Low-oxygen environments also have their own preservation issues. I'm not actually a museum curator so I don't know the specifics. But it is a very complex and old discipline and they've tried just about everything. The problem is usually funding, which unfortunately boils this whole thing down to another boring "you can't solve social problems with technical solutions."
Society wants to see these things, and learn from them, even though every moment they spend out in the open exposes them to more harms.
We're fortunate that digitizing has come such a long way. We can preserve and even recreate a lot of things long after the physical objects themselves are gone. It's not the same as having the originals, but at a certain point the reproductions are all we'll have left.
When you add up all the books that were required for our careers, would they be a megabyte?

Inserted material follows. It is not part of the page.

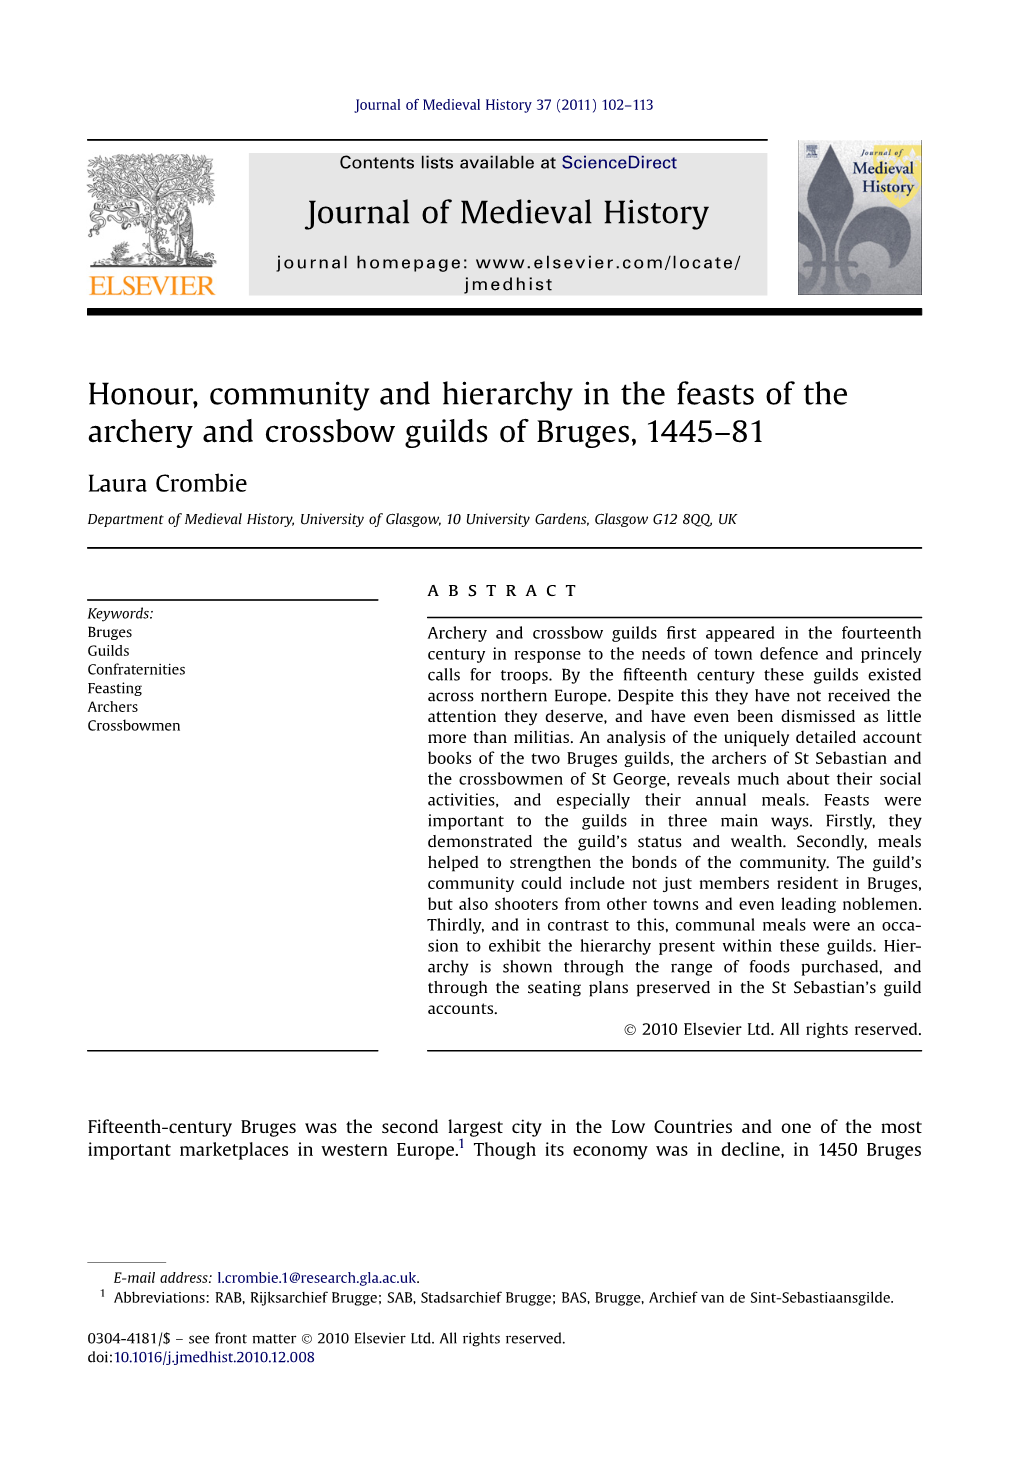 Honour, Community and Hierarchy in the Feasts of the Archery and Crossbow Guilds of Bruges, 1445–81
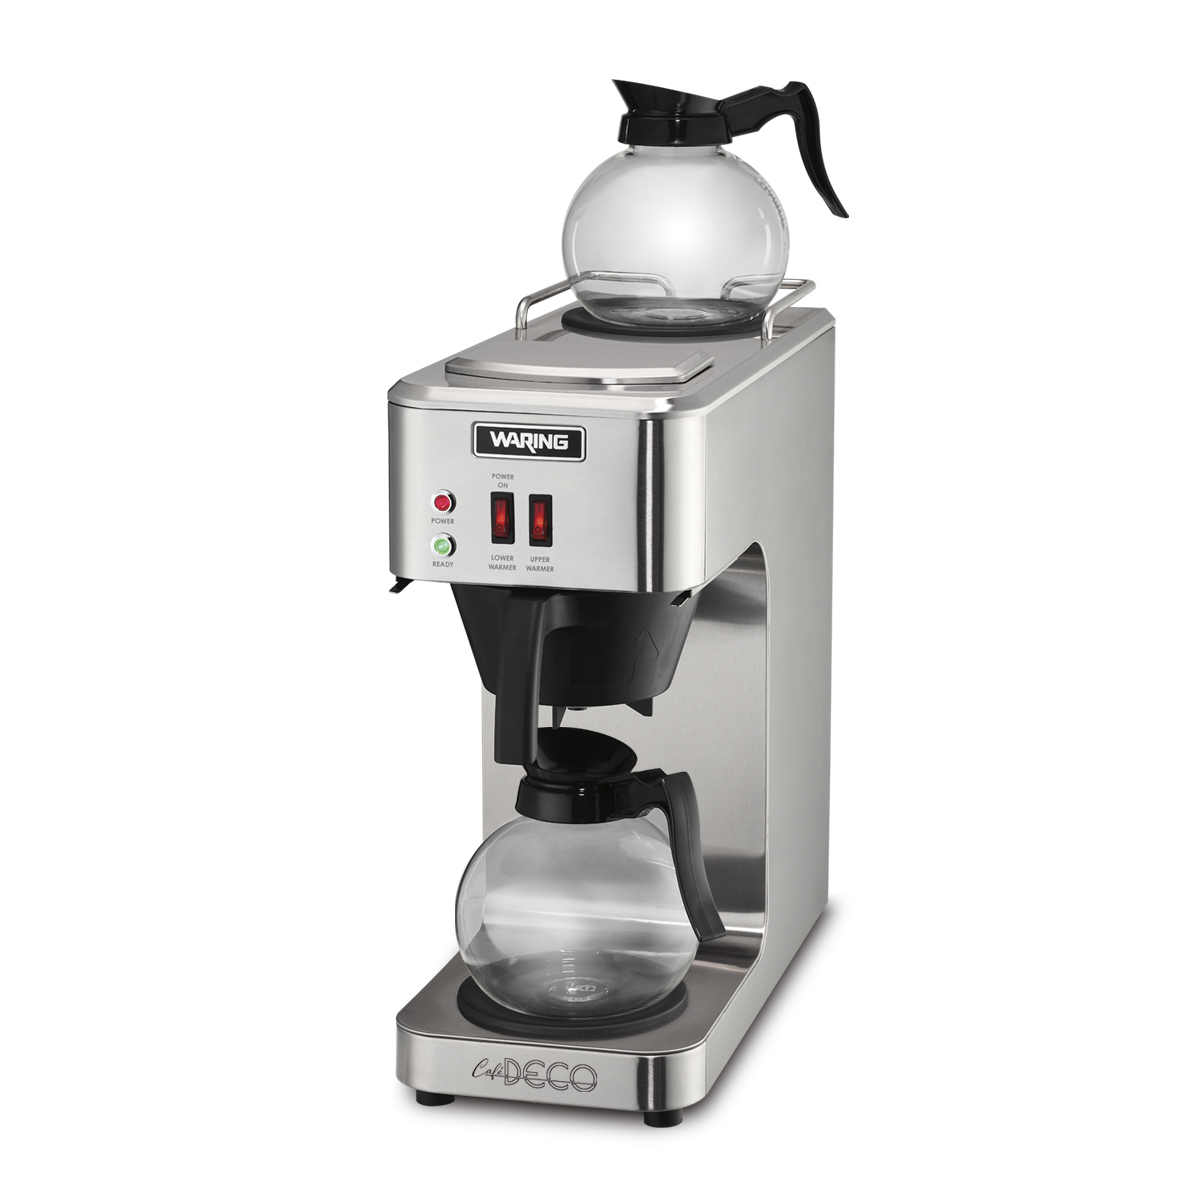 https://www.waringcommercialproducts.com/files/products/wcm50-waring-cafe-deco-pour-over-coffee-brewer-inset-2-1200x1200.jpg

The little that we understand is uncomfortably summarized this way.
But even so, there's so much archive material which hasn't even been digitized. I run into it in genealogy all the time. It's in some box in a museum, if you're lucky they made microfiche images of it fifty years ago.
Turning museums into a Resident Evil house is a cool idea.
Up to this point, the tool that was used to detect every infestation described in the article was an unaided human eye.
The key is to keep humidity down (relative to temperature). There is a concept of "Days till Mold" growth. Once you're past this number all bets are off.
Here is a chart that shows Days to growth. If museums can stay in the "no risk" zone then artifacts should be good. If they fall outside that zone, then artifacts are at risk.
https://energyhandyman.com/knowledge-library/mold-chart-for-...
Example: At 85'F and 84% Humidity, it will take 7 days for mold to grow into your nostrils and reach your brain.